Supplied data:
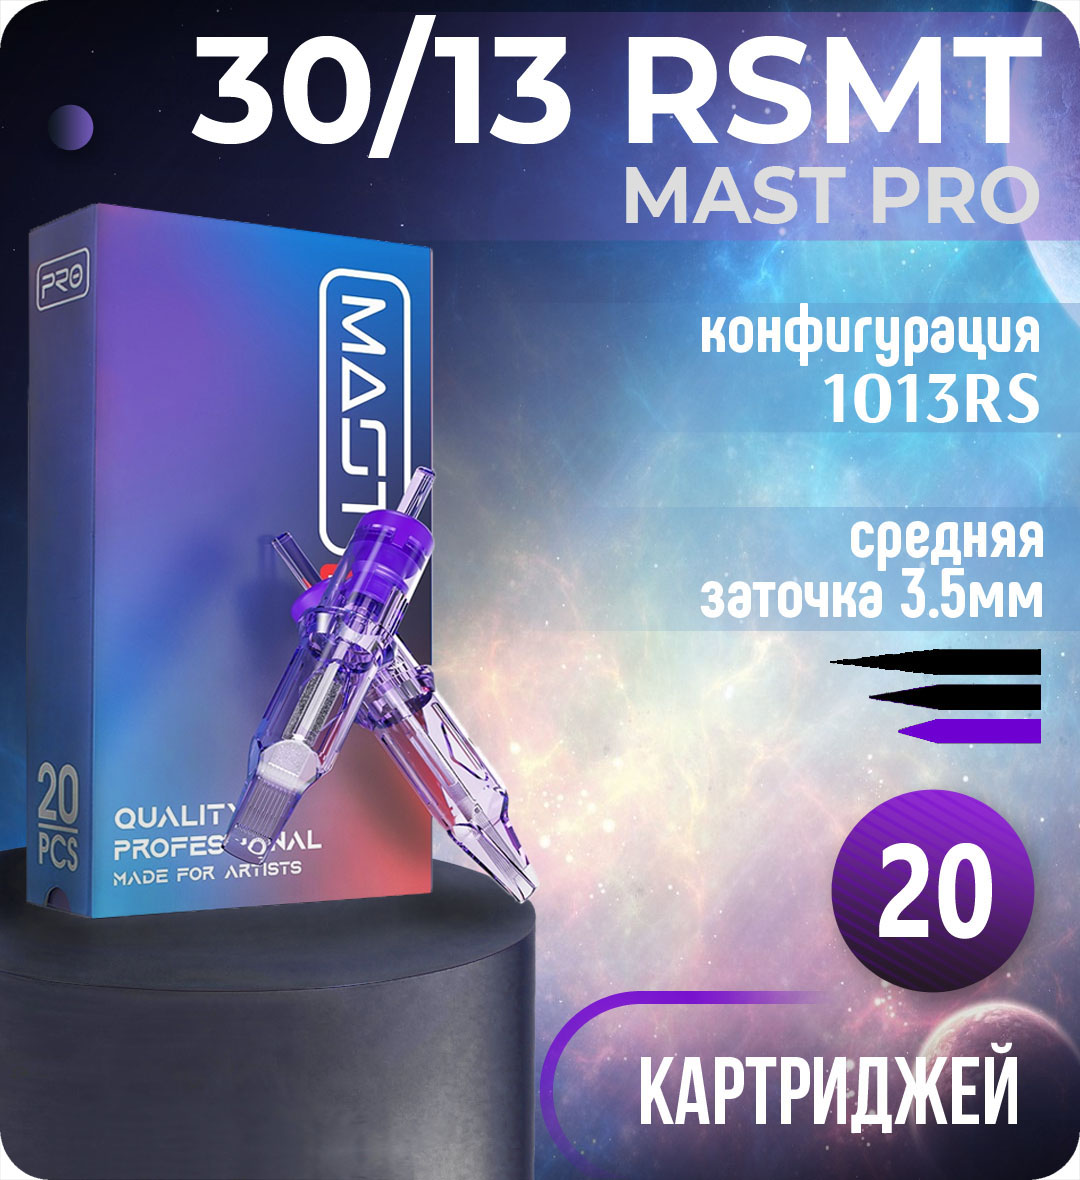 Картриджи Mast Pro 30/13 RSMT (1013RS) для тату, перманентного макияжа и татуажа Dragonhawk 20шт
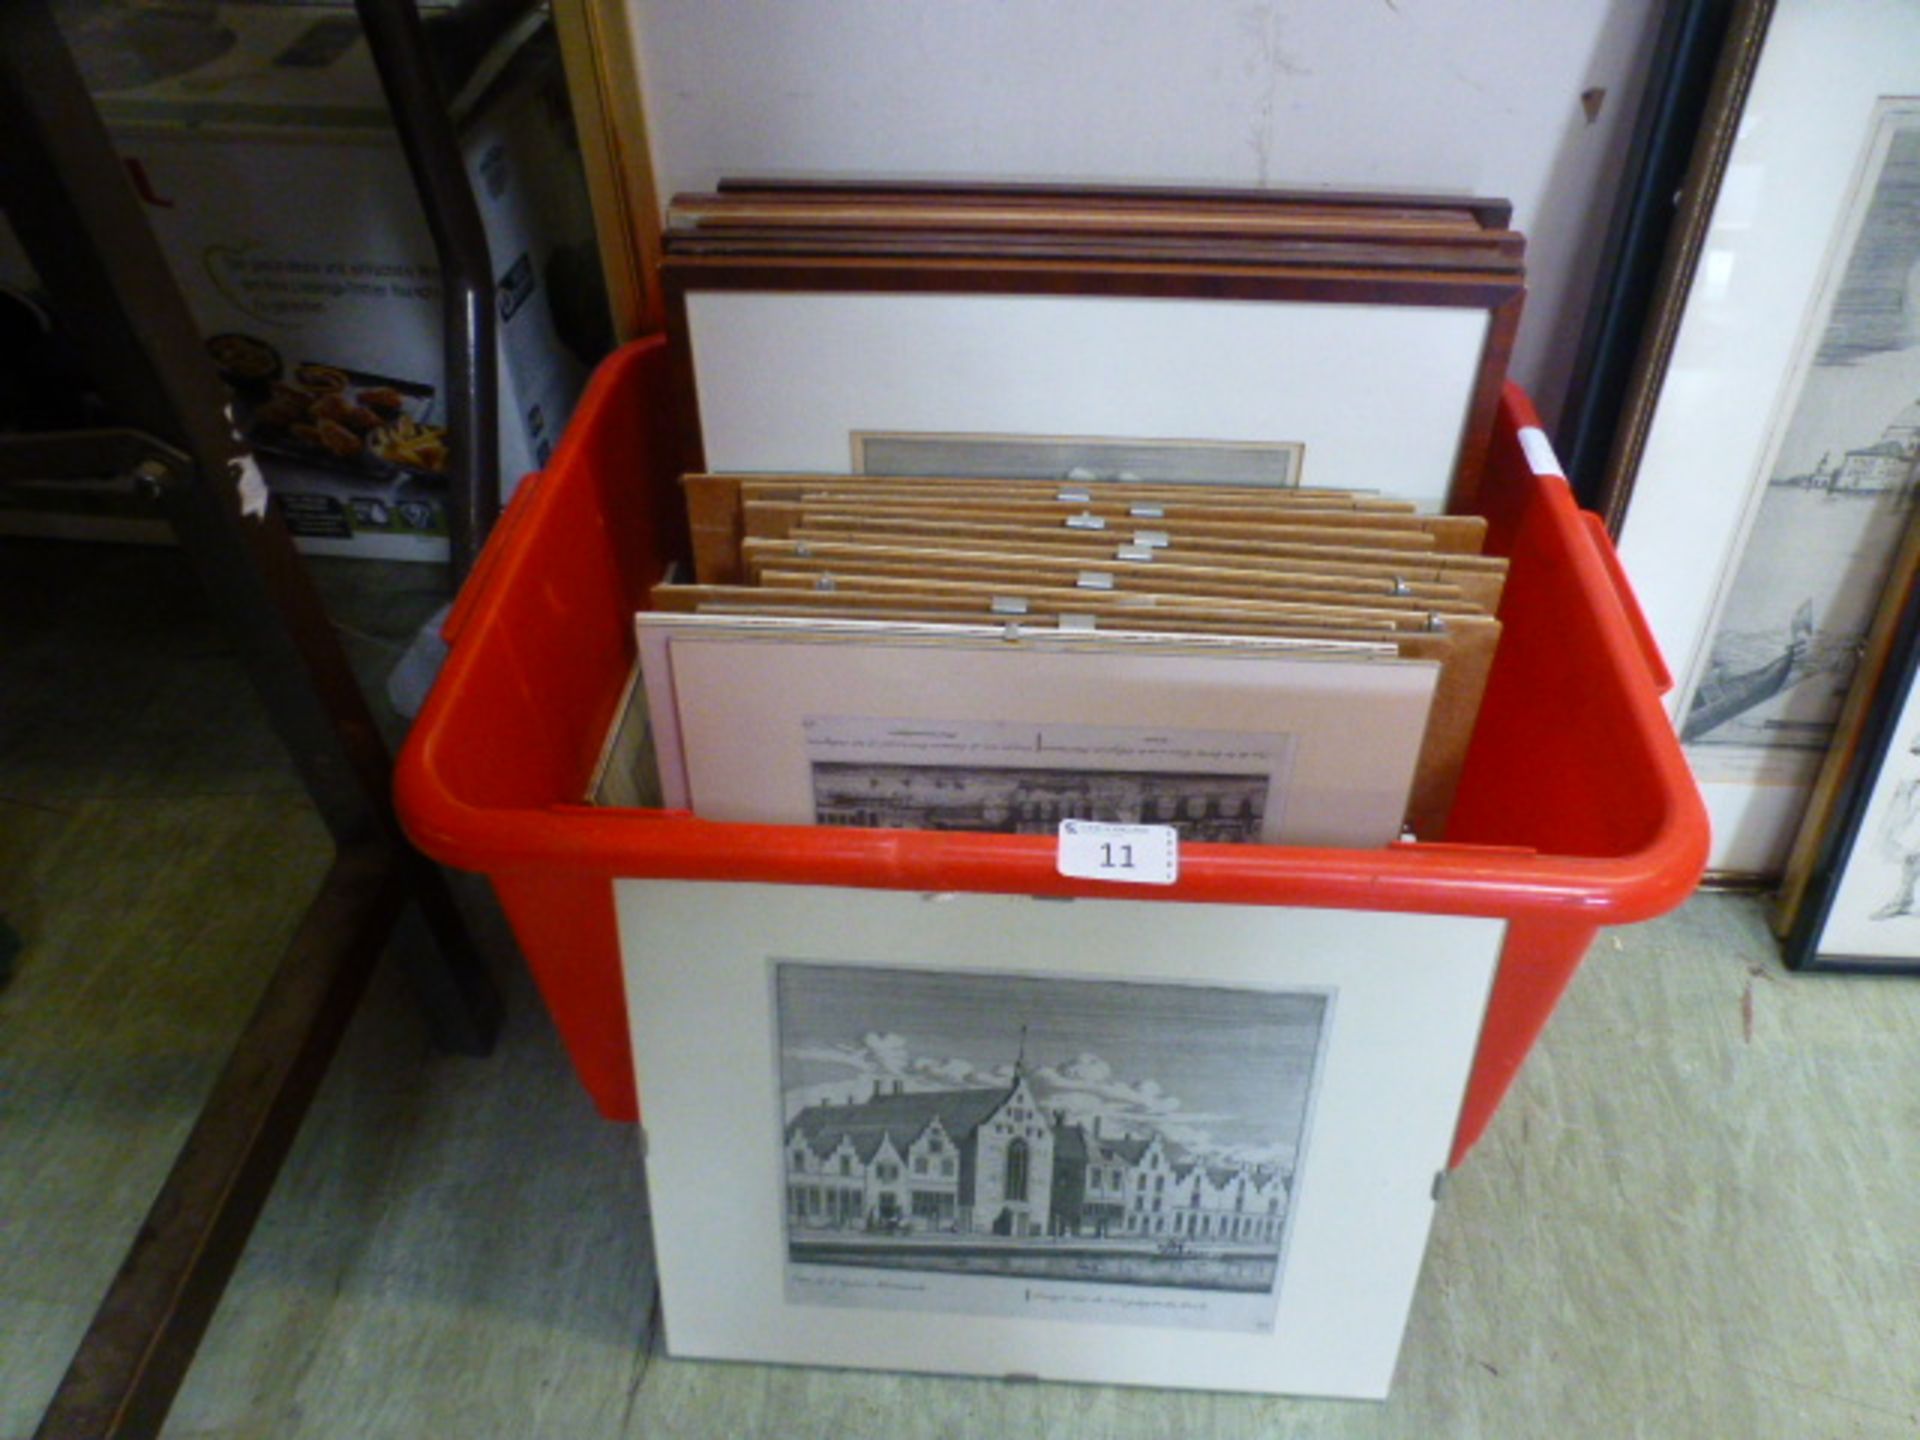 A box containing a quantity of prints, m
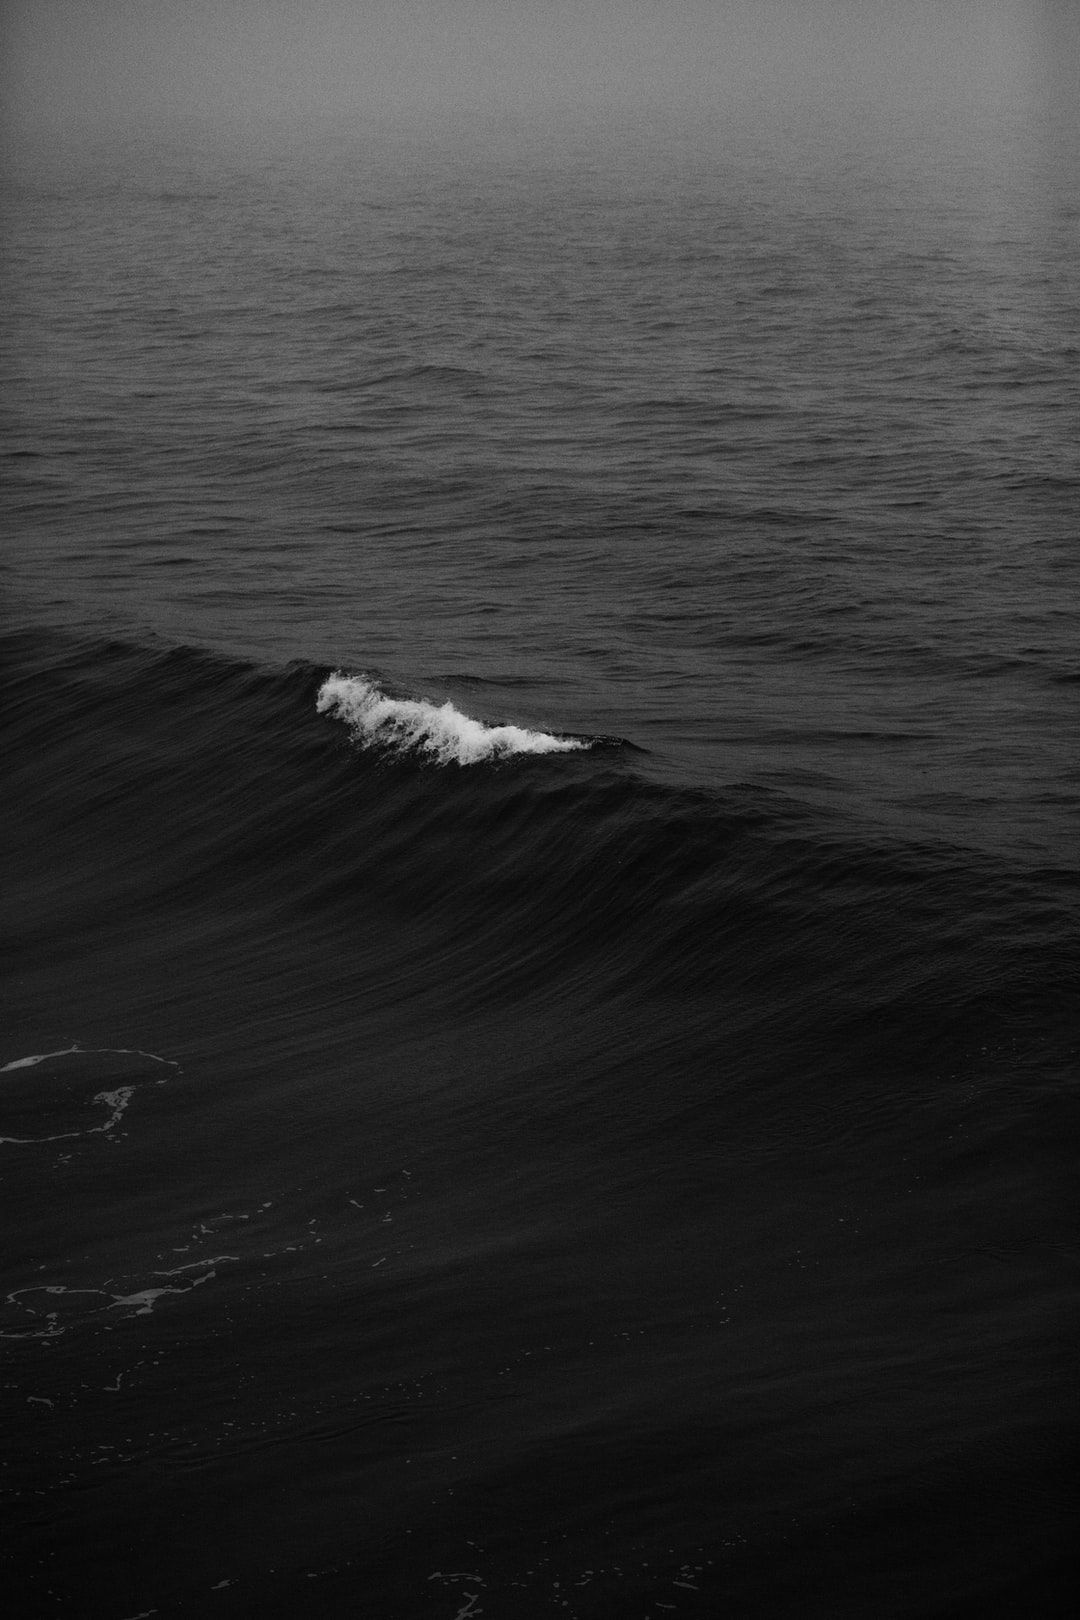 ocean wave in shallow focus lens photo .com

Task statement: Every word of the material, and none of its pictures, should be set down again.

Exercise output:
 Картриджи Mast Pro 30/13 RSMT (1013RS) для тату, перманентного макияжа и татуажа Dragonhawk 20шт
 A box containing a quantity of prints, m
 ocean wave in shallow focus lens photo .com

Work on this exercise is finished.